Two in a day

It’s a rare day when I finish reading two books, but that’s today. I don’t have much more energy than to read and, it seems, to write also.

I ran a hot bath before. When you’re weary and aching the thought of a soothing hot tub to laze in is very enticing. My phone went off just as I got in. It was a message connected to work and no-one could answer it but me. For a few minutes, I sat in hot water, sending enquiries and responding to others. Then I put my phone down and picked up a book.

The book is the autobiography of James Salter. He’s an author whose writing I always thought was somewhat less than the sum of its parts – but what great parts. Style is very much an individual thing, and I mind myself drawn to very different styles of writing and books all the time. That is to question, is there a definitive and empirical best style? I think not, and would be disappointed to think otherwise – but there are some writers whose prose jumps off the page at you. It glitters and charms and draws you into the world it conjures before your eyes. Salter was one such writer – perhaps, outside of Hemingway, the writer with the most pronounced style.

To my way of thinking his writing is generally beautiful, and when I think about it I don’t know why I think less of his writing. His first book, The Hunters, was okay without being great, but it opened the way for him. A Sport and a Pastime is the book many rave about, and while much of it is gorgeous, I found it difficult to read. It’s lush and sensual and set in Paris and has a lot going for it, except that, like The Great Gatsby, it’s the story of one man as told by another – but whereas, in Gatsby, I had no issue with it, here I found it too hero worshipful and self-effacing.

That’s on me as a reader, and perhaps is a commentary on my own ego.

My favourite of his novels is Light Years, which has a gentle and wise melancholy to it. Then there are his stories, several of which are very good, but none – though I have his collections on my shelf – come immediately to mind.
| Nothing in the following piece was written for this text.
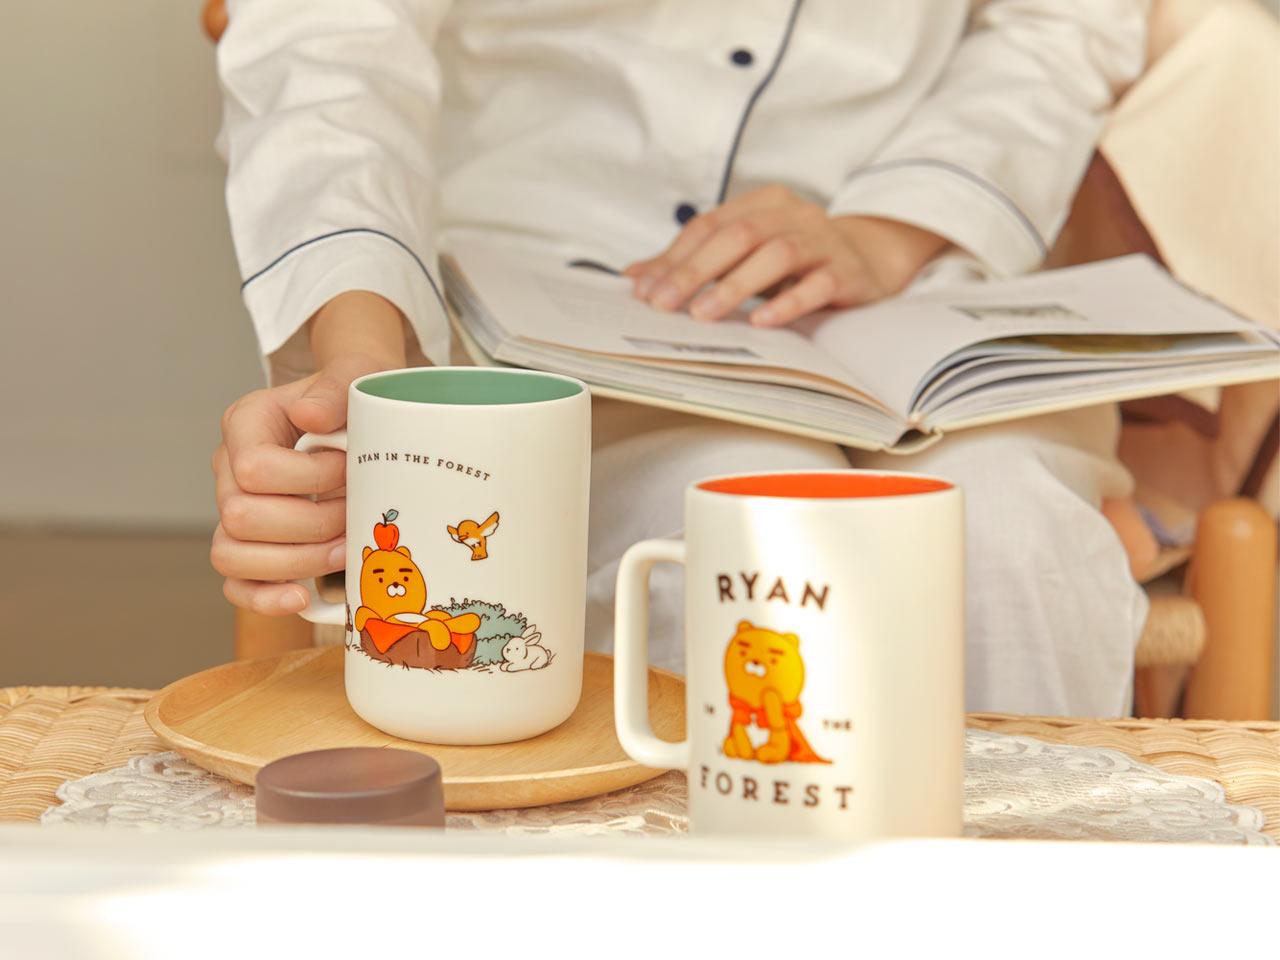 Kakao Friends ryan水杯

Then there’s this, his autobiography.

When I started reading I thought it somewhat typical of his writing – beautiful to read, but fragmentary, and without a common thread. I would read a chapter on a Saturday or Sunday lying on my bed. More recently, it was adopted as my ‘bath’ book as I’d finished the one previous. It was perfect to read in the bath – not too heavy, and episodic enough that you could put it down and pick it up without missing much.

By then I’d reconsidered the book. My earlier doubts about it had become virtues. It’s by no means a traditional autobiography. It’s very roughly linear, but it jumps around and focusses more on the characters met along the way than the events of his life. It has a rhythm that echoes experience as we live it, not in great movements, but in small insights.

His family is touched upon, but you don’t really get to know them. As for his writing, he alludes to books he wrote, touches upon the times around them, but there is little about the craft of writing.

I came around to thinking that a biography structured like this is more true to life than the traditional form. We live in episodes. Much of life is fragmentary. We meet people along the way and they take us places. We learn as we go along and sometimes we feel it deeply, and other times find ourselves looking in the mirror. Things don’t go as we always expect, and not all the things we wish come to be. Times change, people come and go, scenes jump.

Linear progression only really makes sense in retrospect, and even then is often artificially applied.

In the end, I really came to appreciate this book, to the point now I think it his greatest work. It’s so much richer for the oblique view of things he allows us through his eyes. It feels more authentic because it’s not about all the things he did, the things in the papers and on IMDB, but about real-life stuff we know because we have a real-life, too. The attitude throughout is reflective, sometimes weary, often curious – like someone beholding the glittering moments of his life and seeing the expanse for it for the first time.

He’s gone now, but he’s lucky to have had the time to reflect back on everything. I hope I can do the same thing one day.